If you omit the inequality $(|z|^2\geq(Im(z))^2)$ from the derivation, the next steps toward the uncertainty relation would be:
$$\sigma_A^2 \sigma_B^2\geq|\langle f\lvert g\rangle|^2$$ $$|\langle f\lvert g\rangle|^2=\langle f\lvert g\rangle\langle g\lvert f\rangle=(\langle A B\rangle-\langle A\rangle \langle B\rangle)(\langle B A\rangle-\langle A\rangle \langle B\rangle)$$ $$|\langle f\lvert g\rangle|^2=\langle A B\rangle \langle B A\rangle+(\langle A\rangle \langle B\rangle)^2-\langle A\rangle \langle B\rangle(\{A,B\})\to$$ $$\boxed{\sigma_A^2 \sigma_B^2\geq\langle A B\rangle \langle B A\rangle+(\langle A\rangle \langle B\rangle)^2-\langle A\rangle \langle B\rangle(\{A,B\})}$$ The above relation can be written better as $$|\langle f|g\rangle|^{2} = \bigg(\frac{\langle f|g\rangle+\langle g|f\rangle}{2}\bigg)^{2} + \bigg(\frac{\langle f|g\rangle-\langle g|f\rangle}{2i}\bigg)^{2}$$ $$\langle f|g\rangle-\langle g|f\rangle =\langle [{A},{B}]\rangle$$ $$\langle f|g\rangle+\langle g|f\rangle = \langle \{{A},{B}\}\rangle -2\langle {A}\rangle\langle {B}\rangle\to$$ $$\boxed{\sigma_A^2 \sigma_B^2\geq\Big(\frac{1}{2}\langle\{{A},{B}\}\rangle - \langle {A} \rangle\langle {B}\rangle\Big)^{2}+ \Big(\frac{1}{2i}\langle[{A},{B}]\rangle\Big)^{2}}$$ So, Griffiths ignores the first term in the above relation.

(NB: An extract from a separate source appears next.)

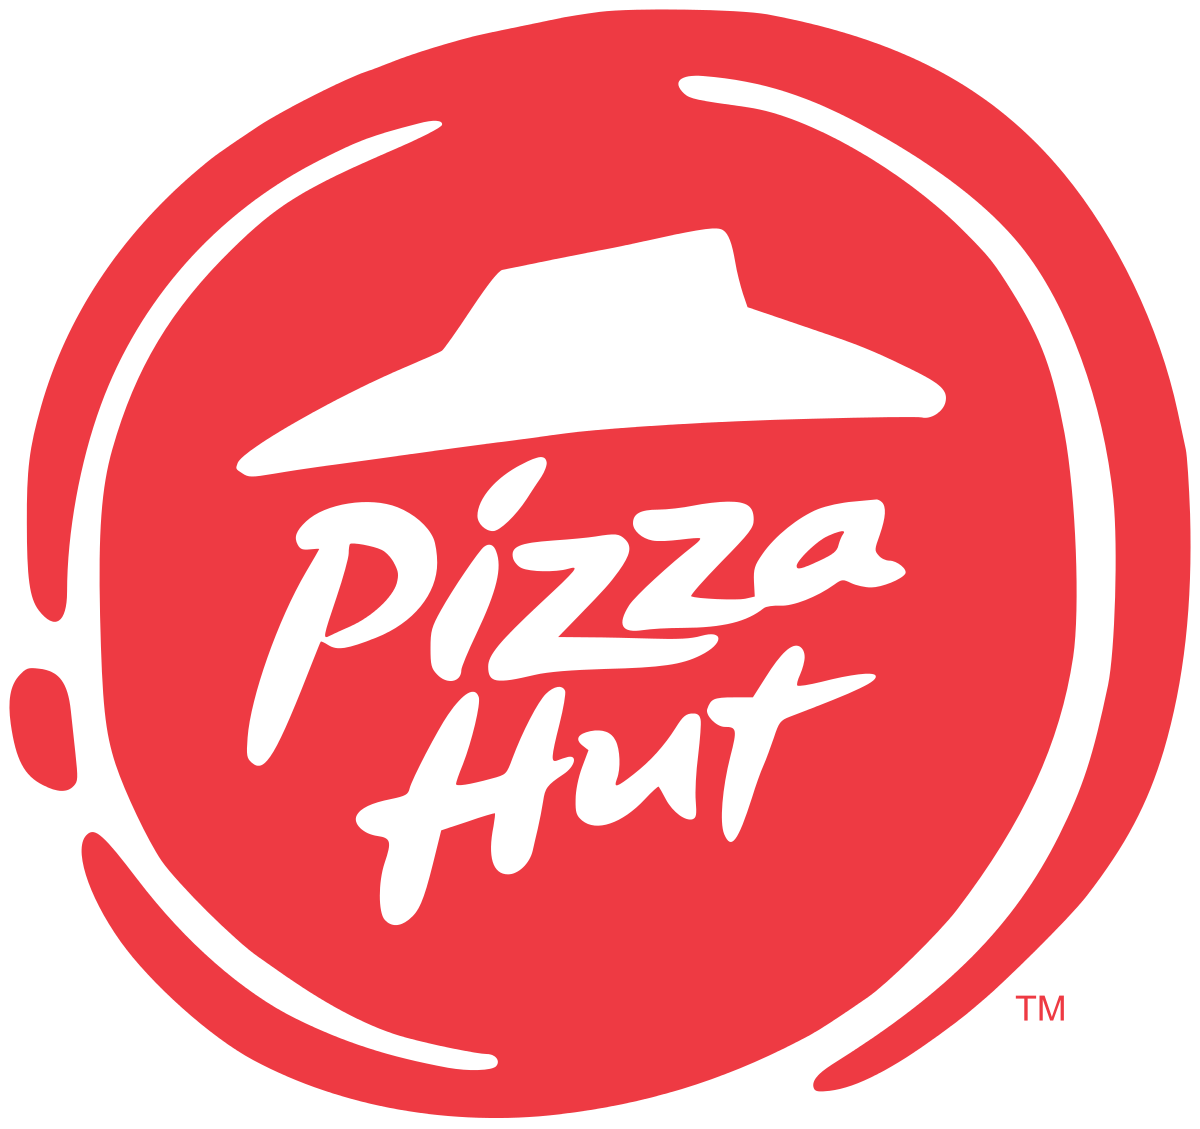 PIZZA HUT | MENU BOARD on Behance
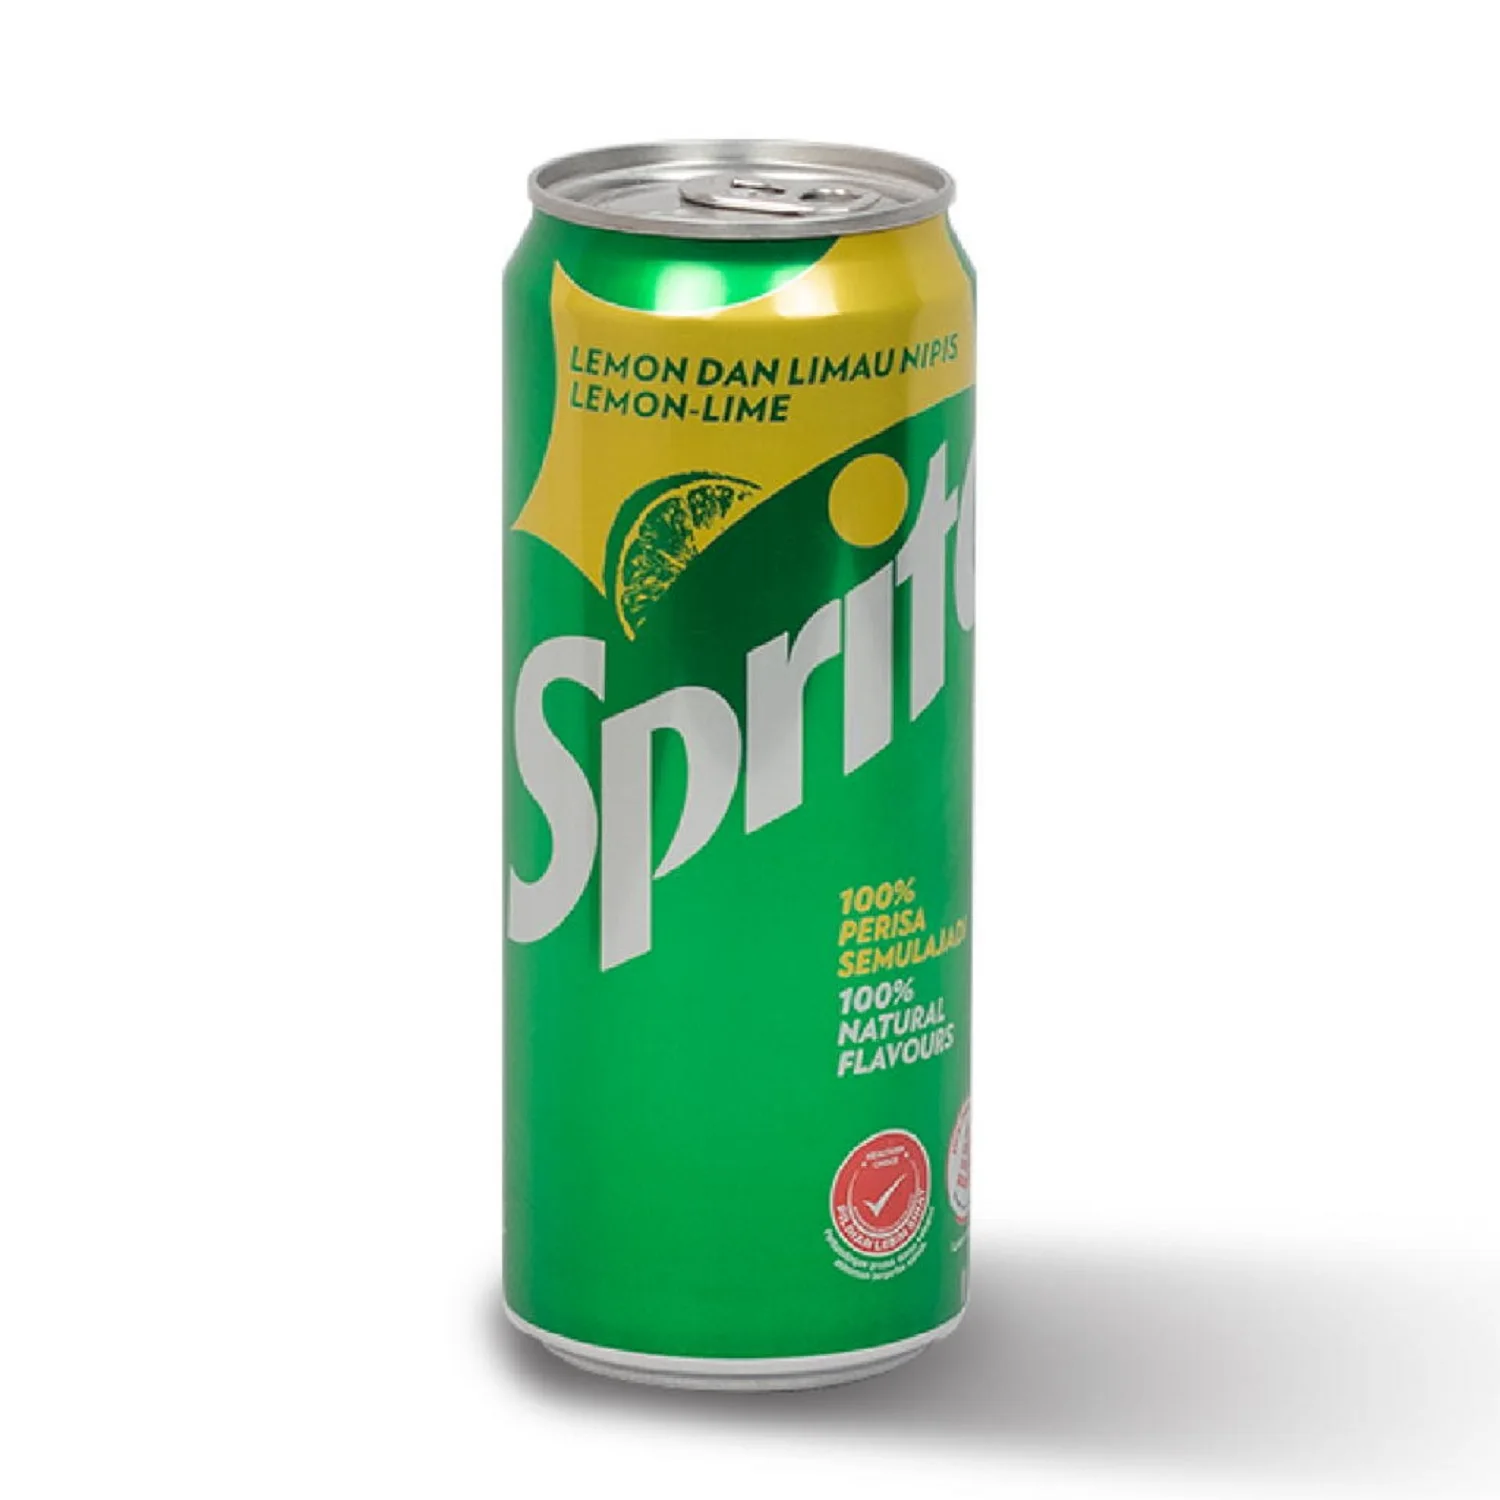 Buy Sprite Soft Drink _400ml Bottle Online At Best Price

It remains to tell why he does so. The answer is provided in the last paragraph of the Lubos Motl's answer to this question:

Well, in normal cases, the stronger version is not "terribly" useful because the anticommutator term is only nonzero if there is a "correlation" in the distributions of $A,B$ - i.e. if the distribution is "tilted" in the $A,B$ plane rather than similar to a vertical-horizontal ellipse which is usually the case in simple wave packets etc. Maybe this is what you wanted to hear as the physical explanation of the anticommutator term - because $AB+BA$ is just twice the Hermitean part of $AB$, it measures the correlation of $A,B$ in the distribution given by the wave function - although the precise meaning of these words has to be determined by the formula.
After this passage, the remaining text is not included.